I have no problem writing and talking about my struggle with an eating disorder or anxiety– I do it often in the Where I Stand blog. However, I perceive a special stigma associated with hair-pulling. Excluding my therapist, who specializes in OCD and obsessive-compulsive-related disorders, I have not had good experiences talking about this issue with therapists in the past. There is a level of uncomfortability with the subject I detect on their faces.
The pervasive shame includes my self-talk during these pulling periods, such as, “Why can’t I stop? What’s wrong with me?” It isn’t socially acceptable to discuss a hair-pulling struggle. Over the years, I have explicitly or implicitly heard the message, “Get it together. That’s gross.” Perhaps that’s an exaggerated shame thought, but it is still one that I believe is grounded in some reality.
My initial shame from feedback on my patchy eyelashes was so pervasive, I forced myself to stop pulling. Then a year later, the pulling transferred to another area of my body. I still struggle with trich. While I don’t pull every day, I go through phases of intense hair pulling that last between a few days and a few weeks. Then it lies dormant for several months until the next bout occurs.

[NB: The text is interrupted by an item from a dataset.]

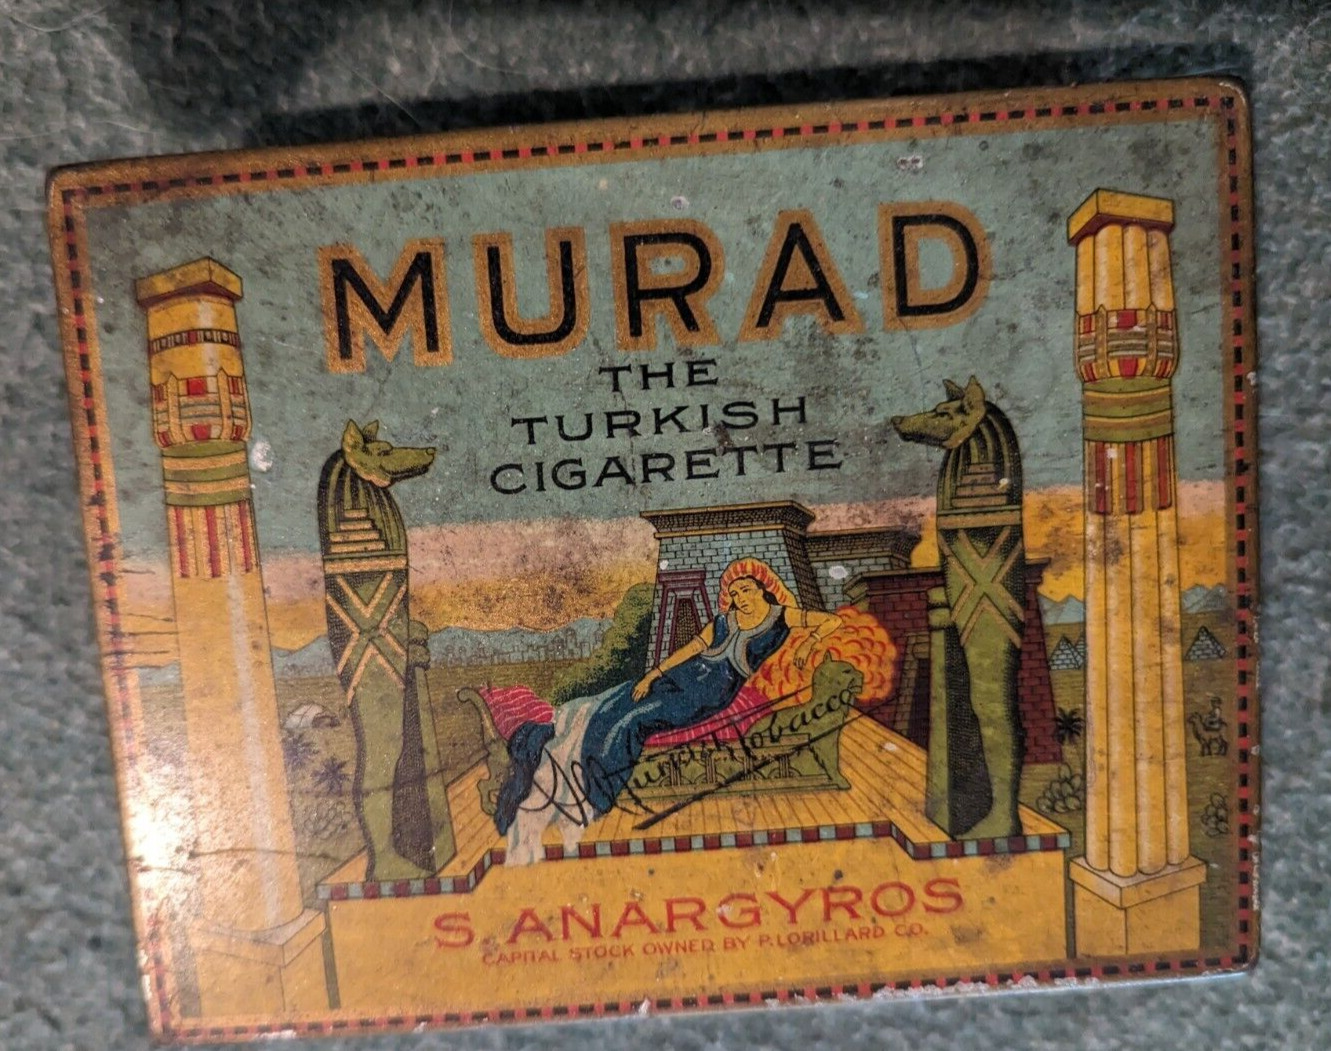 Vintage Murad The Turkish Cigarette Tin by Anargyros Lorillard Co.

Even though trich is relatively rare, it does exist, and many of those who suffer are silent, humiliated, or maybe even ashamed. This disorder is an obsessive-compulsive spectrum disorder, so trich is often correlated with OCD, an anxiety disorder, depression, and/or excoriation (skin-picking disorder). At age 8, I developed compulsive skin-picking on a family vacation and experienced similar shame. I also struggled with OCD and general anxiety starting at a young age. Given this host of other symptoms, I suppose it was no wonder that I developed trich. Still, when it developed, it was an unwelcome, secret, embarrassing new reality.

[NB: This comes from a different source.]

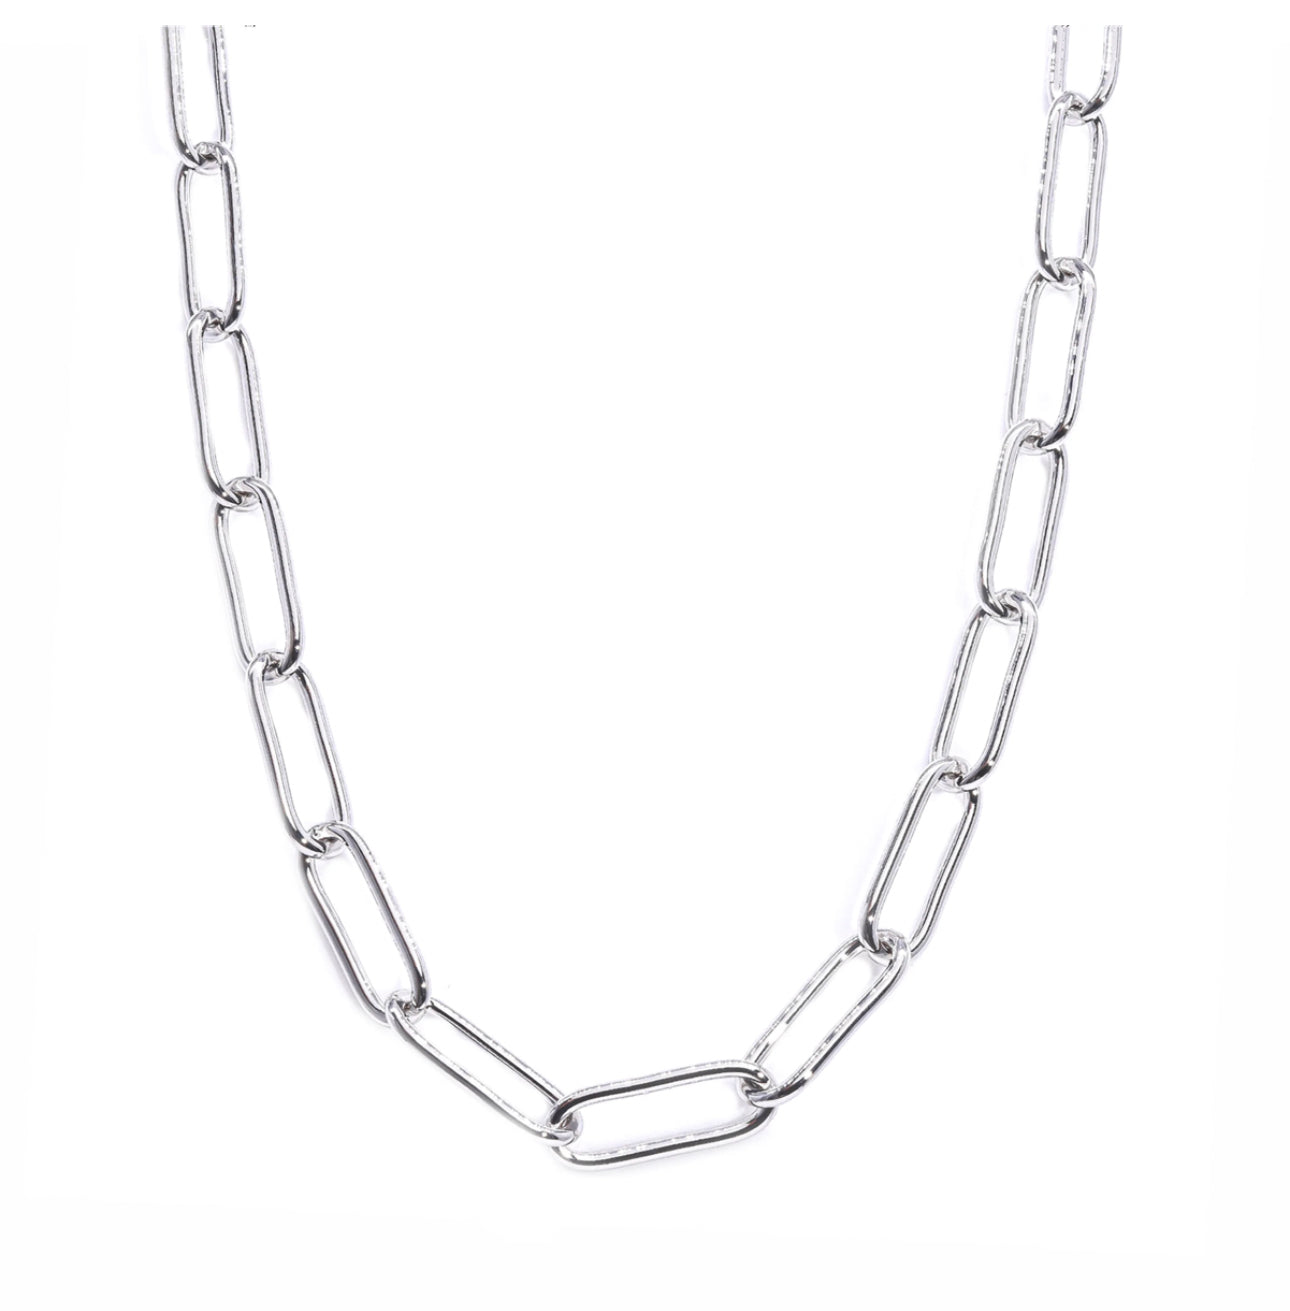 eLiasz & eLLa / Connection Paperclip Chain Necklace Gold & Silver

It is a reality that is not discussed much, not even in the mental health community.
I wish I could tell you I’ve worked through my intense shame about my trichotillomania struggle, but I haven’t. Even now, I am hesitant to talk about these symptoms to my therapist of three years. I don’t want to tell her about the hours in the bathroom pulling or the web of rituals surrounding pulling. I am comfortable disclosing the darkest moments of my eating disorder or other obsessive-compulsive rituals, but when it comes to hair-pulling I try to shy away from details.
If you struggle or have struggled with trichotillomania, here is my message to you: I feel you. I understand your shame, because I still have it myself. I wish I could take away my struggle with hair-pulling, and I’d take away yours too. I know how time-consuming and humiliating trich can be. I’ve heard shameful comments that I’m sure you’ve heard as well. Keep your chin high, and don’t listen to those who shame you when you likely already shame yourself. I hope you’ve talked to a mental health professional who understands your issue and doesn’t judge. If that person doesn’t get it, I suggest you find a new therapist– they’re out there. Even though my trich symptoms have been dormant for a few months, I know they’ll come back eventually, and that scares me. You are not alone. Trich is so isolating and shameful that it’s hard to imagine someone there in solidarity– I get that. Voicing my struggle and giving it a name were two steps I took against the secrecy and shame, and maybe that might be a step for you. It seems like such a solitary struggle, but there are many of us.
My name is Charlotte and this is Where I Stand.